Despite not having time to add a lot of detail, Ihlenfeld said she liked the fast draw the best. 

“It seems the dog has more character, and I like the little face I made out of it,” Ihlenfeld said. 

These drawings were part of a workshop led by Paul Noth. He’s a cartoonist and writer from Milwaukee who has worked a variety of interesting jobs.

“I’ve been a cartoonist for The New Yorker magazine for 17 years. I’ve created animated shows for television, for Conan O’Brien, for Nickelodeon,” Noth noted. “I’ve had three middle school novels, and I’ve made educational comic books.”

This is his second visit to the Brookfield Academy this year as part of the school’s artist series. The first visit was more of an assembly, but this one was a hands-on style workshop, where the students were able to create and work with Noth. 

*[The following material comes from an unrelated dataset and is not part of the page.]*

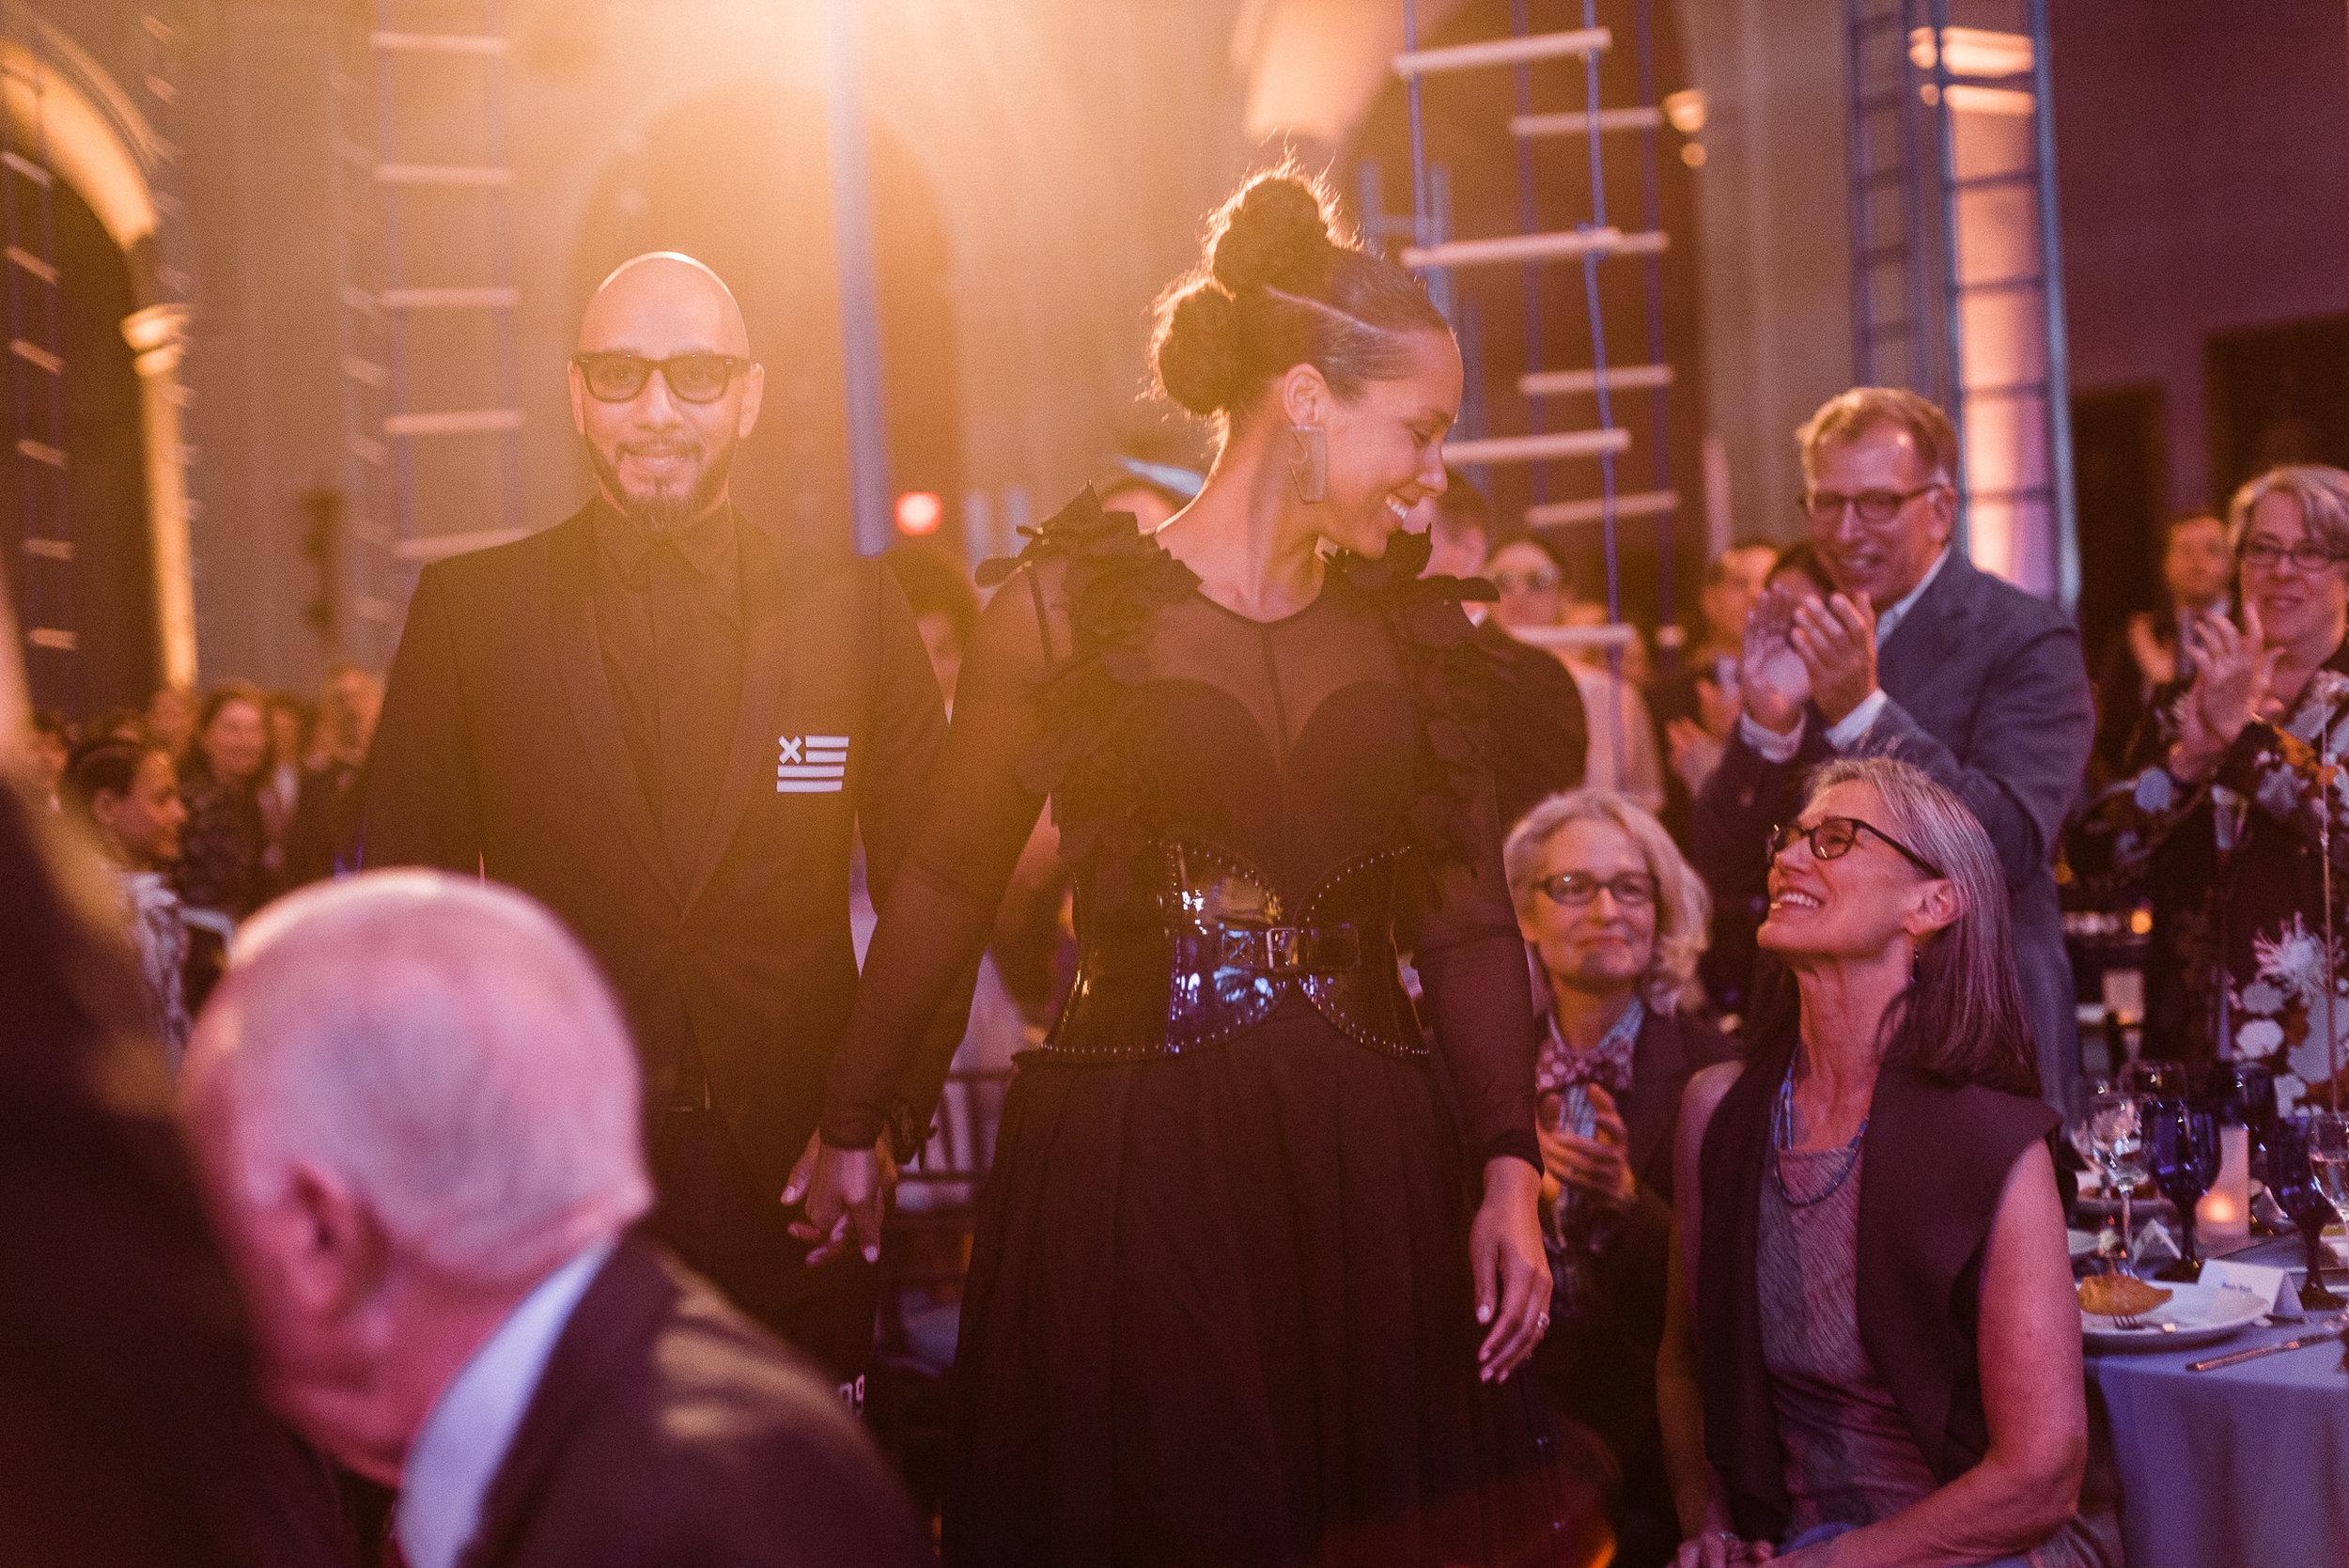 The Brooklyn Artists Ball at Brooklyn Museum 2017. Swizz Beats and Alicia Keys recieve their honorary award

And Noth said he had one message he was really trying to convey. 

“I’m trying to break them from the idea that they need to overthink every drawing, that they need to make every drawing perfect, and show them the object is really to express themselves and articulate a feeling or something they want to say, more than it is necessarily — in this form at least — to make a pretty or perfect drawings,” Noth said. 

That’s what Ihlenfeld said she ended up liking too — that fast, less thought out type of drawing. 

She ended up drawing a single panel comic, one that tells a story. 

“I kind of wanted to do a sweet one, and less of funny,” Ihlenfeld said. “So it’s going to be the girl and the dog running through a field of flowers, and below it, it’s going to say, ‘some days, you just need to run.’”

Regardless of artistic ability, students at Brookfield Academy are learning a way to tell a story and express themselves in a visual way.